Local Nusselt number contours for the mode in Reynolds number 100 with volume fraction of (a) φ _a = 0 and (b) φ _b = 0.04.

Figure 13(a) relates to mode (b) in Reynolds number 100 and pure water fluid. Figure 13(b) relates to mode (b) in Reynolds number 100 and volume fraction of 4% of the solid nanoparticle. It is observed that in mode (a), due to the existence of more ribs, in each nanoparticle volume fraction, the areas with higher local Nusselt number and those with lower heat distribution gradient increase compared to the mode (b). In addition to the number of ribs and higher height of ribs, increase in nanoparticle volume fraction in each Figures 12(b) and 13(b) compared to Figures 12(a) and 13(a) causes better distribution of heat transfer in the microchannel.

Conclusion

In this study, heat transfer of laminar flow of water–aluminum oxide nanofluid was investigated in rib-roughened three-dimensional microchannel, and the results were compared with those from the smooth microchannel in identical geometric and boundary conditions. According to the results obtained in this study, it can be found that using ribs in microchannels causes an increase in heat transfer rate and a decrease in heat gradient in between layers of cooling fluid.
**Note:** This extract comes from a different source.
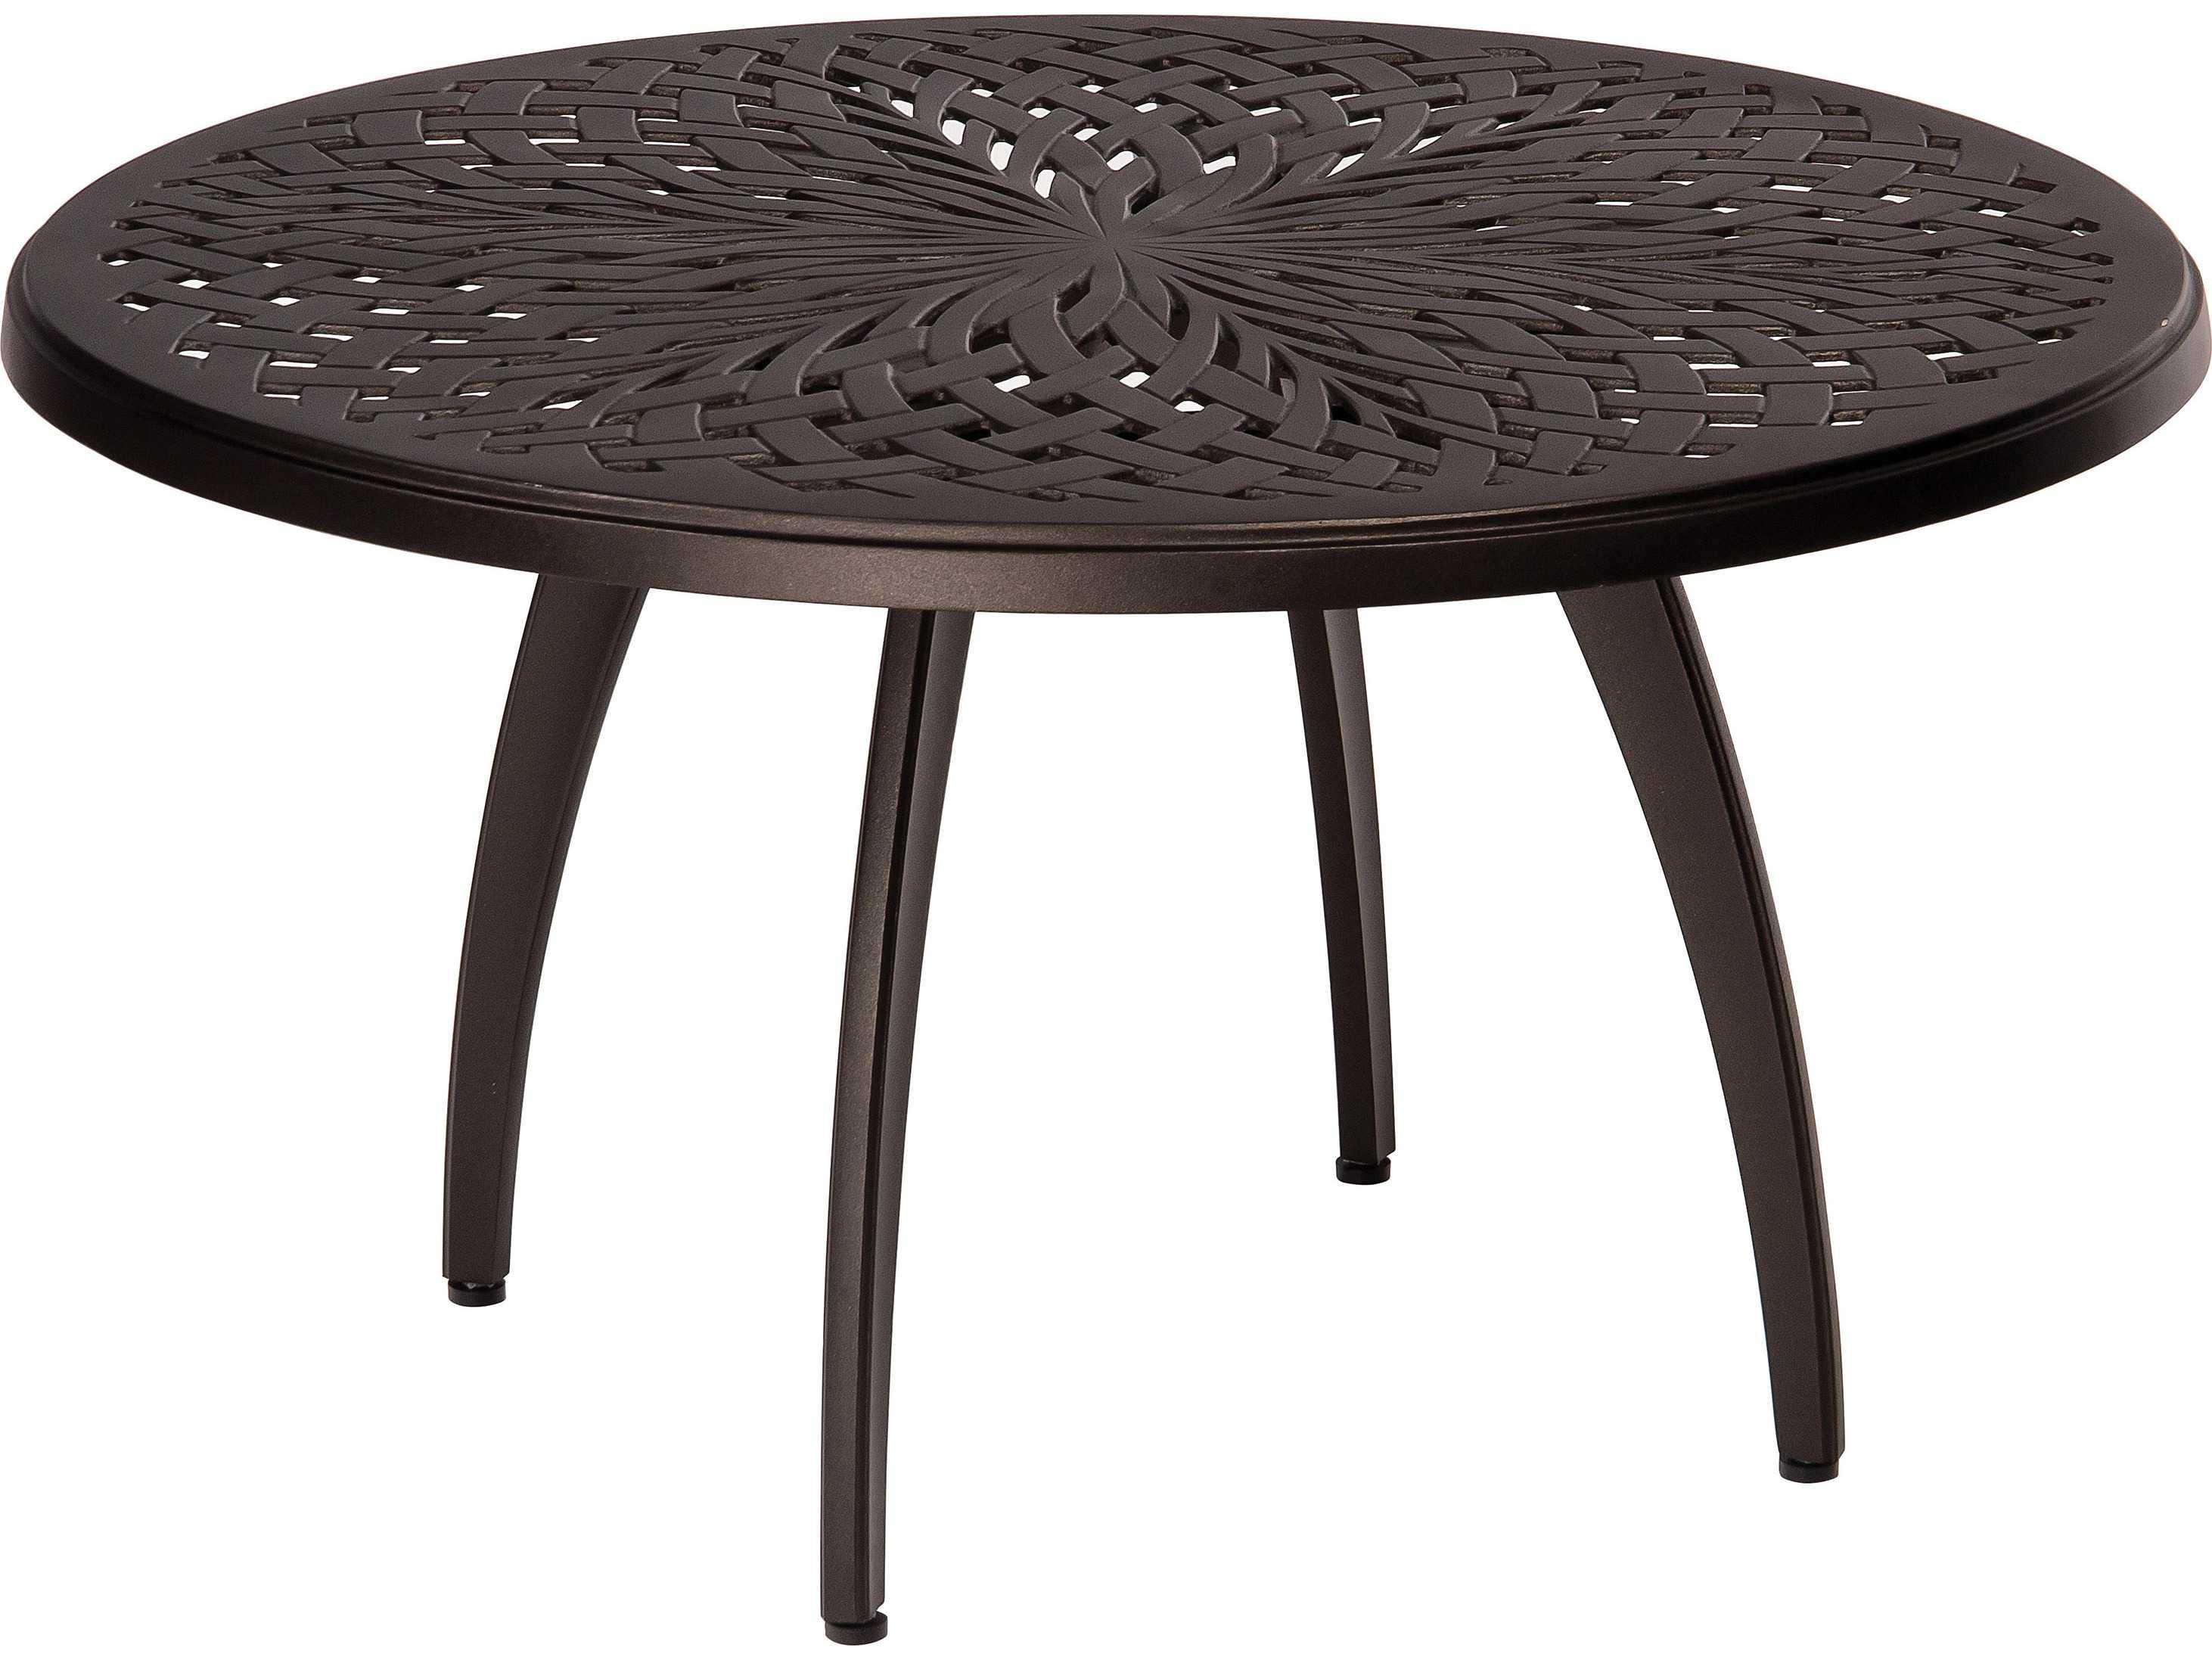 Woodard Apollo Aluminum 36 Round Coffee Table 7u54bt

Existence of nanoparticles in the cooling fluid also has a significant effect on increasing heat transfer, which is reinforced with an increase in Reynolds number. However, on the other hand, existence of ribs in microchannel causes a pressure drop due to the obstruction compared to the smooth channel, which in turn causes an increase in friction factor and pumping power. Although using nanofluid causes an increase in heat transfer, existence of nanoparticles in the cooling fluid causes an increase in density and viscosity, which in turn increases shear rate in walls and friction factor and pumping power. Finally, efficiency of using ribs and nanofluid in the microchannel should be evaluated by PEC. Given the diagrams of Nusselt number ratio, a heat transfer of up to 4.5 times of the smooth channel can be obtained using nanofluid and ribs in the microchannel.